Integrating a double cropping model with groundwater-fed irrigation in
the North China Plain
Abstract
Irrigated cultivation, as a prevalent anthropogenic activity, exerts a
significant influence on land use and land cover, resulting in notable
modifications to land-atmosphere interaction and the hydrological cycle.
Given the extensive cropland, high productivity, compact rotation,
semi-arid climate, intense irrigation, and groundwater depletion in the
North China Plain (NCP), the development of a comprehensive
crop-irrigation-groundwater model becomes imperative for understanding
agricultural-induced climate response in this region.

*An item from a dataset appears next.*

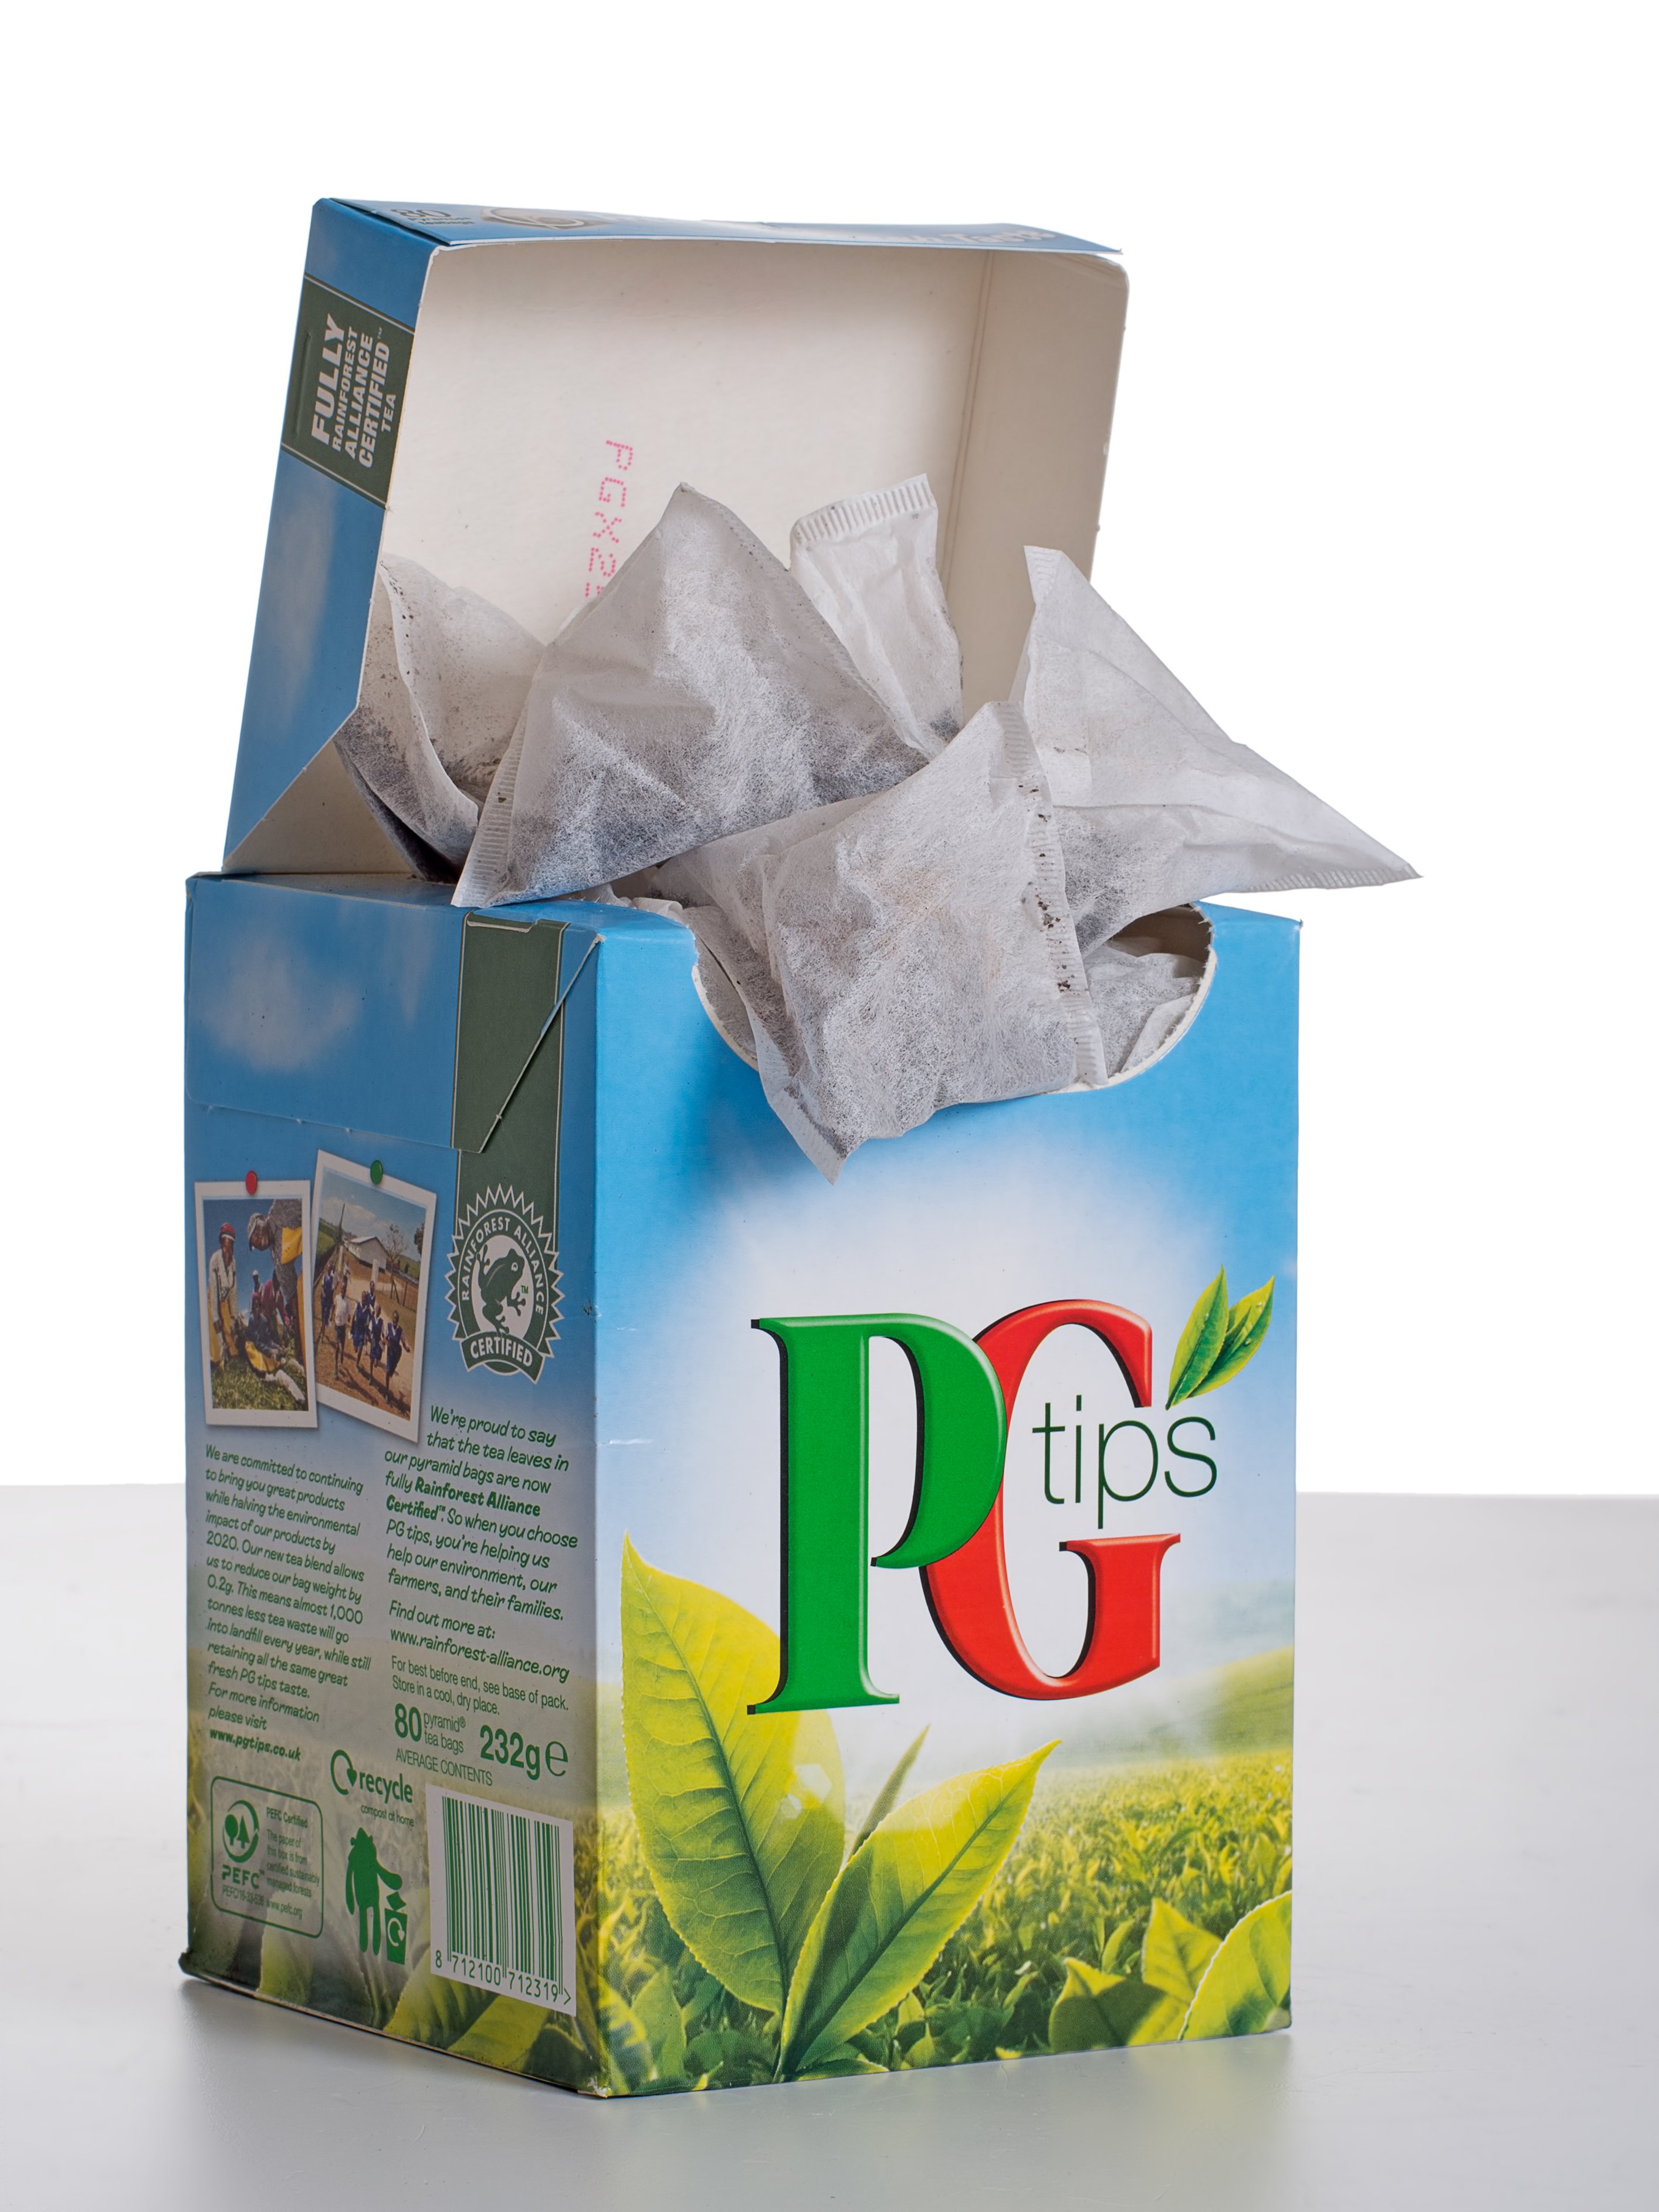 A box of PG Tips Tea | Photo; Shutterstock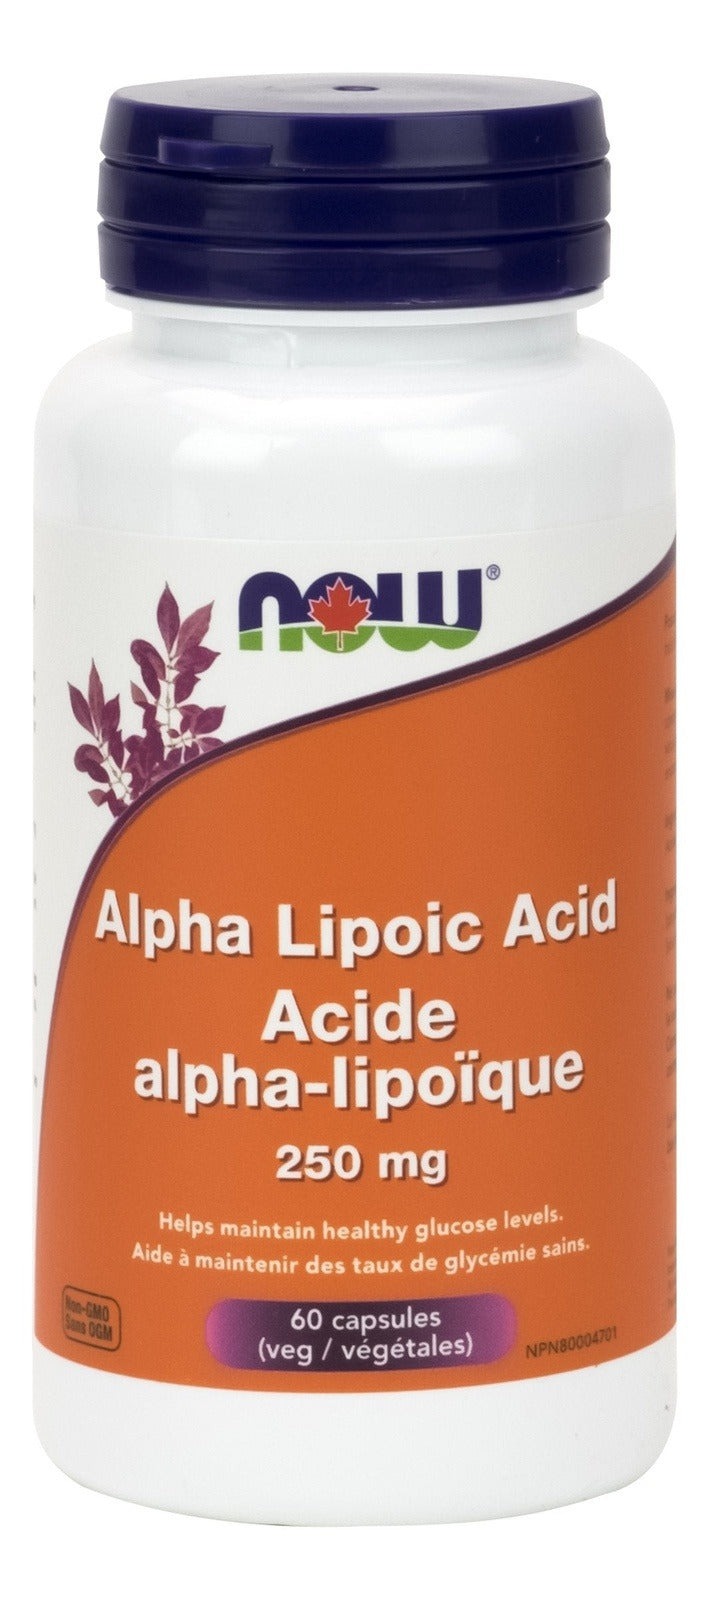 NOW Alpha Lipoic Acid 250 mg Capsules Image 2

This study
presents an integrated crop model explicitly tailored to the NCP, which
incorporates double-cropping rotation, irrigation practice, and
groundwater interactions into the regional climate model. The
modifications are implemented to: (1) enable a seamless transition from
field scale application to regional scale application, facilitating the
incorporation of spatial variability, (2) capture the distinctive
attributes of the NCP region, ensuring the model accurately reflects its
unique characteristics, and (3) reinforce the direct interaction among
crop-related variables, thereby enhancing the model’s capacity to
simulate their dynamic behaviors. The integrated crop modeling system
demonstrates a commendable performance in crop simulations using
climatic conditions, which is substantiated by its identification of
crop stages, estimation of field biomass, prediction of crop yield, and
finally the projection of monthly leaf area index. In our next phase,
this integrated crop modeling system will be employed in long-term
simulations to enhance our understanding of the intricate relationship
between agricultural development and climate change.